Once the download is complete, provide the details of your database in Sqlectron, save the configuration, and connect to your database.

We need to use a query to create a table and enter some data into the MySQL database. To create a table, you can use the following query:

CREATE TABLE users (
    id INT AUTO_INCREMENT PRIMARY KEY,
    name VARCHAR(100),
    email VARCHAR(100)
);
INSERT INTO `users` (`id`, `name`, `email`)
 VALUES (?, ?, ?);

Creating the S3 Bucket

To create an S3 bucket, go to the AWS Management Console and search for S3. Give a globally unique name for your S3 bucket and create the bucket.

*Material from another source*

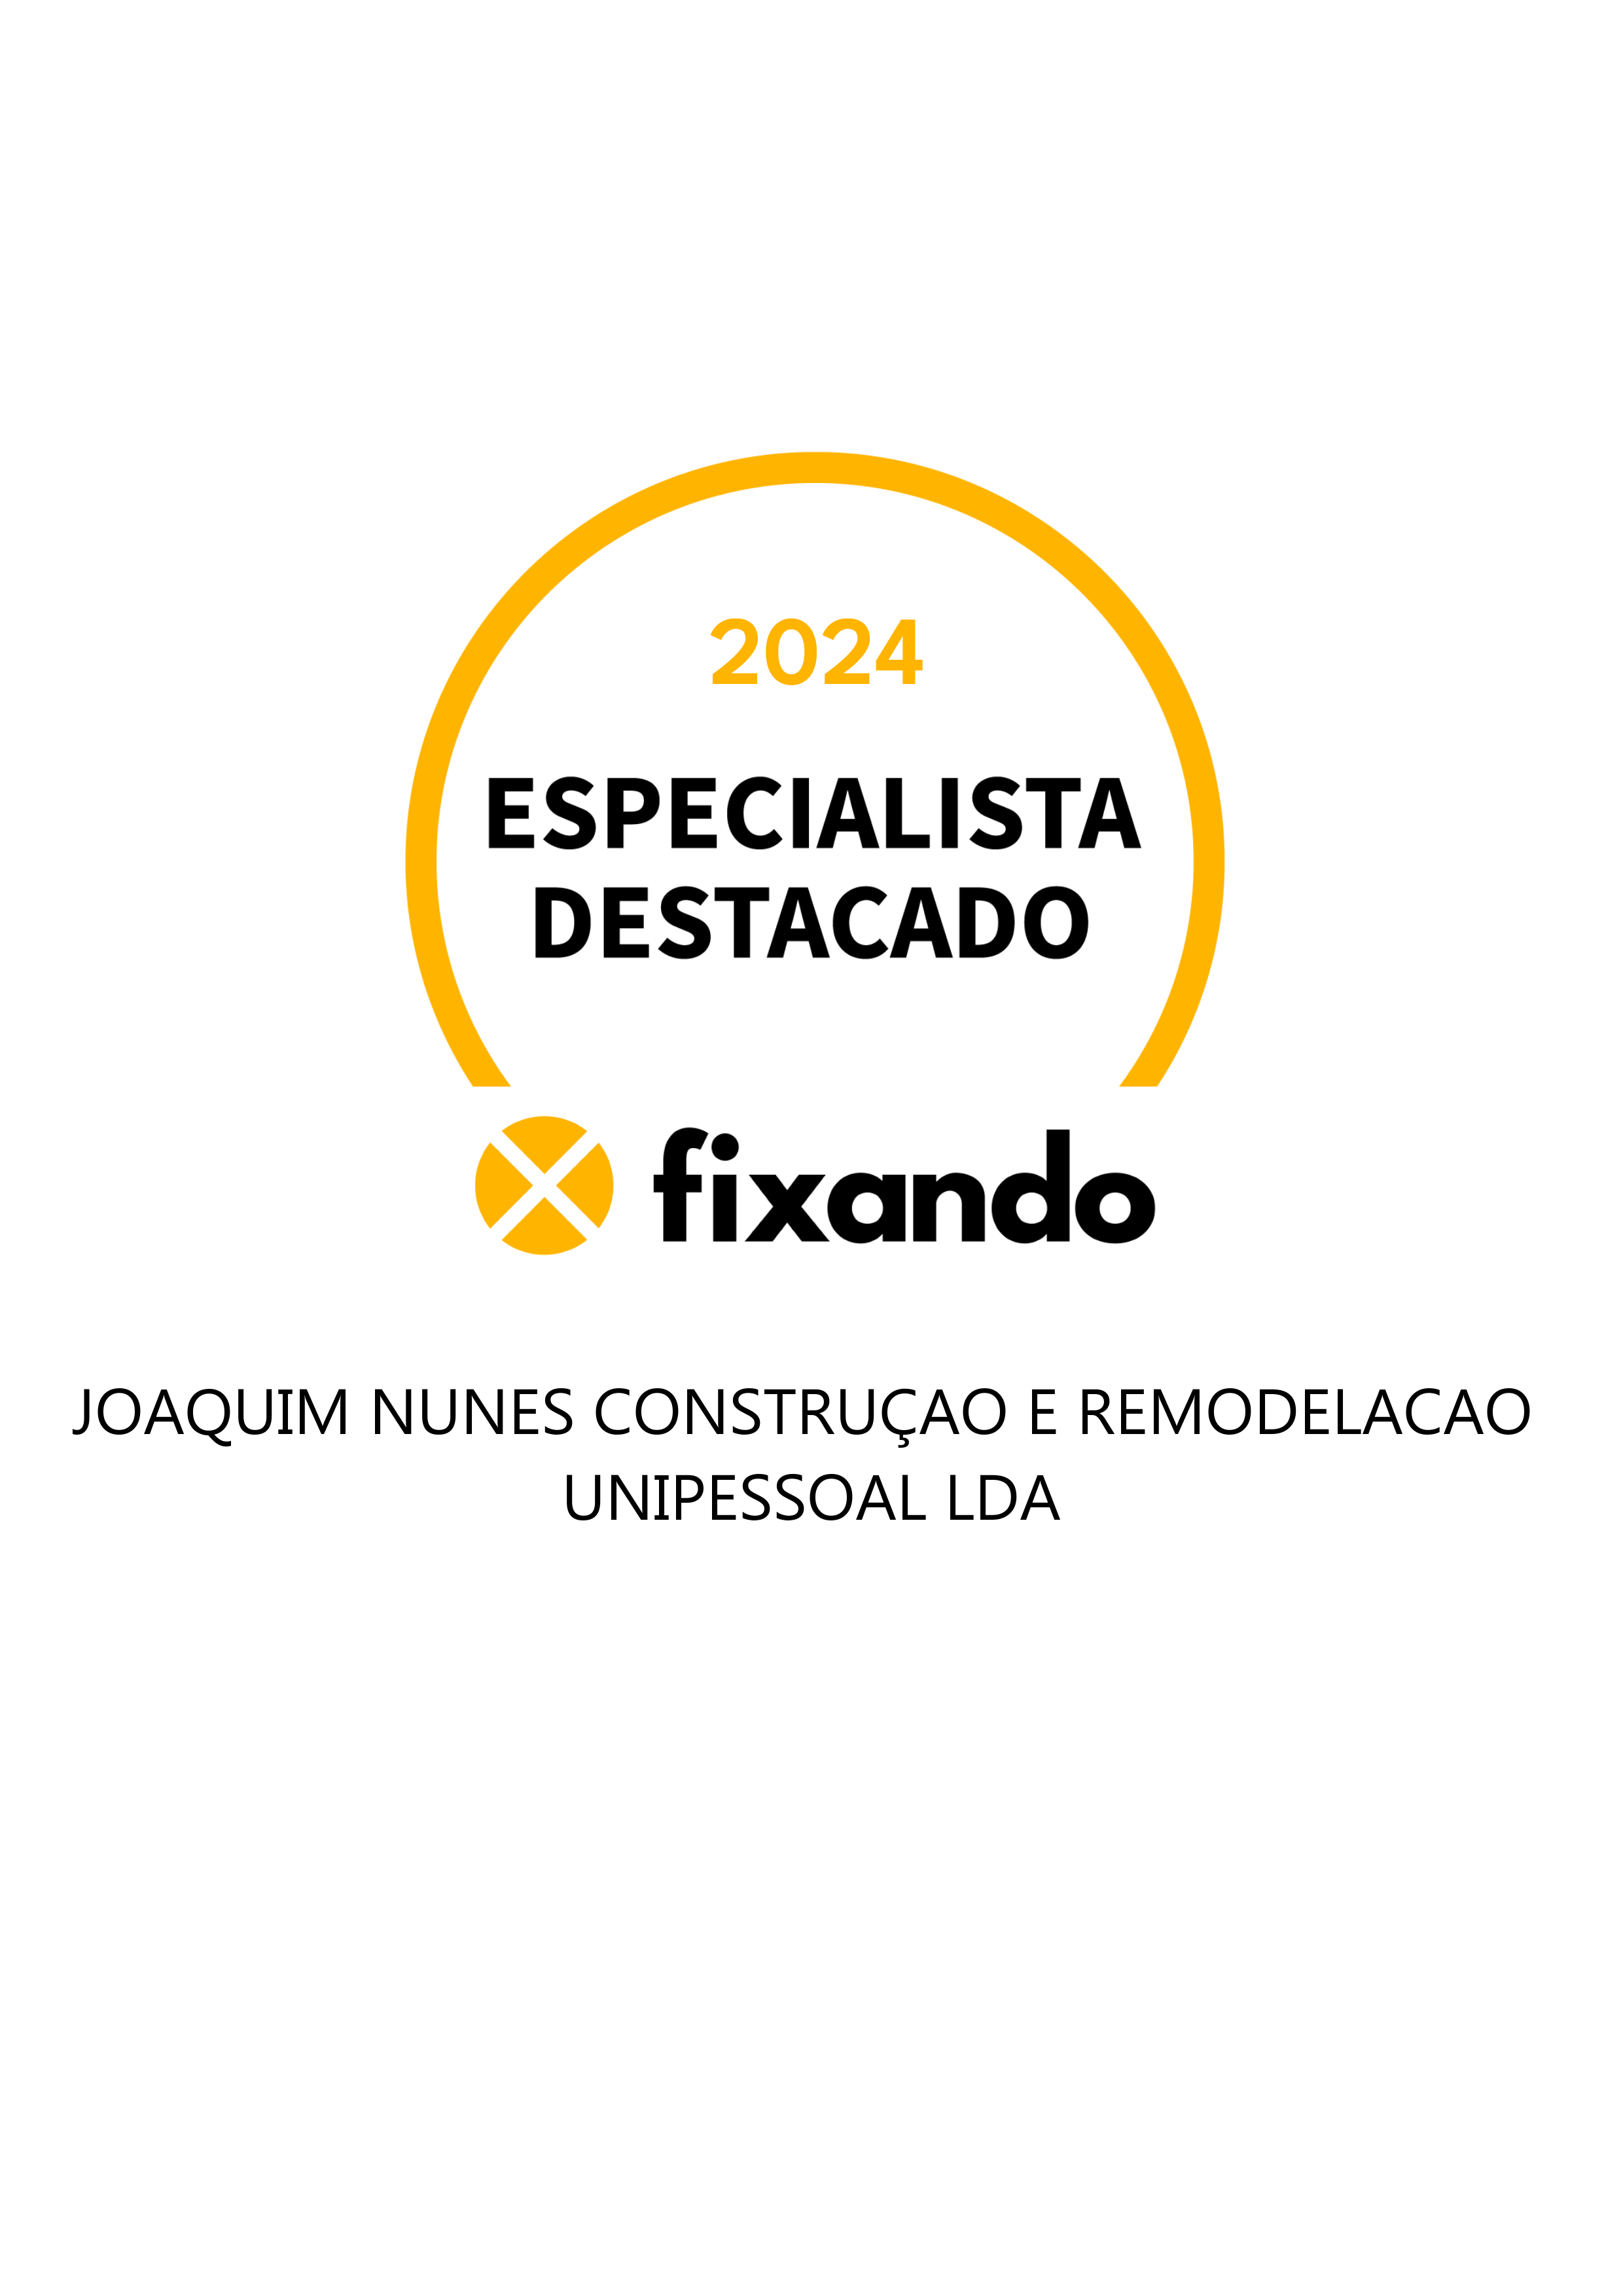 Joaquim Nunes construçao e remodelacao  unipessoal lda - Santarém - Instalação de Pavimento em Pedra ou Ladrilho
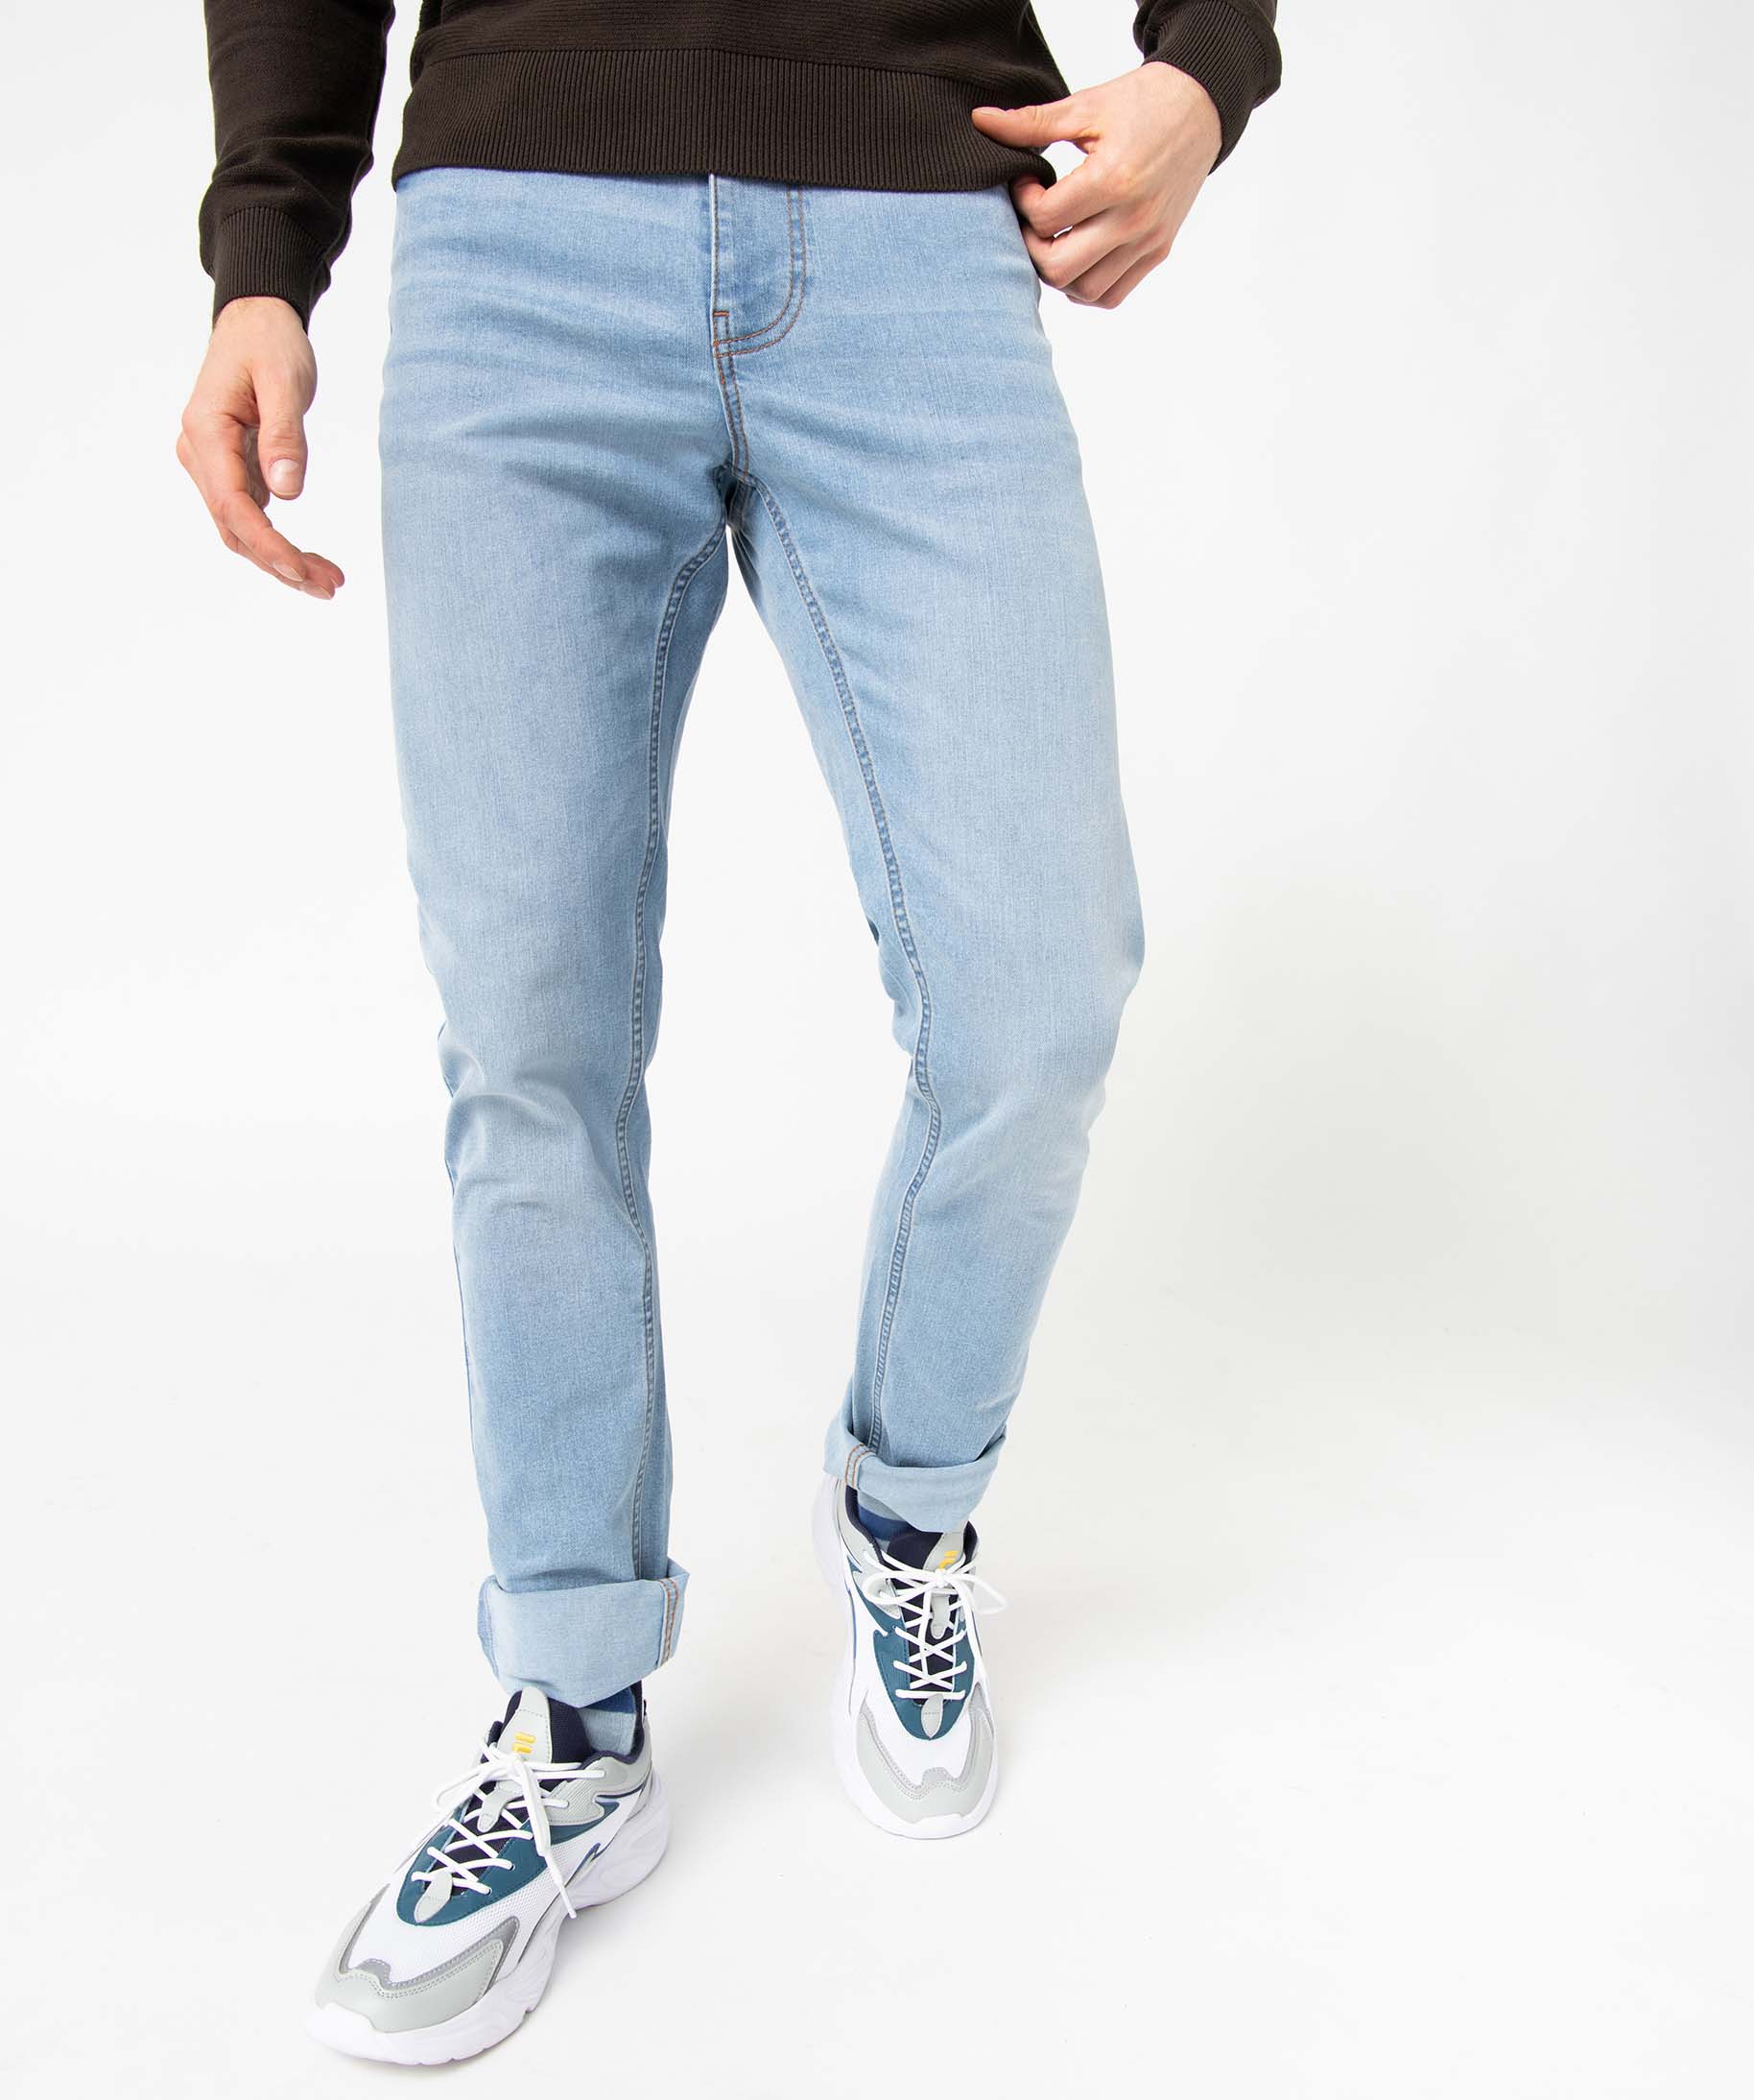 jean ecoresponsable coupe slim homme gris jeans slim

Writing the DAG and setting up Airflow

Now, finally, we need to connect all the components so that Airflow can orchestrate the pipelines with ease. To do so, we need to set up the connections in Airflow UI but if you haven't set up Airflow earlier, you can check out my blog on getting started with Airflow.

Configure Connections in Airflow

  1. MySQL Connection:

    • Go to the Airflow UI (http://localhost:8080).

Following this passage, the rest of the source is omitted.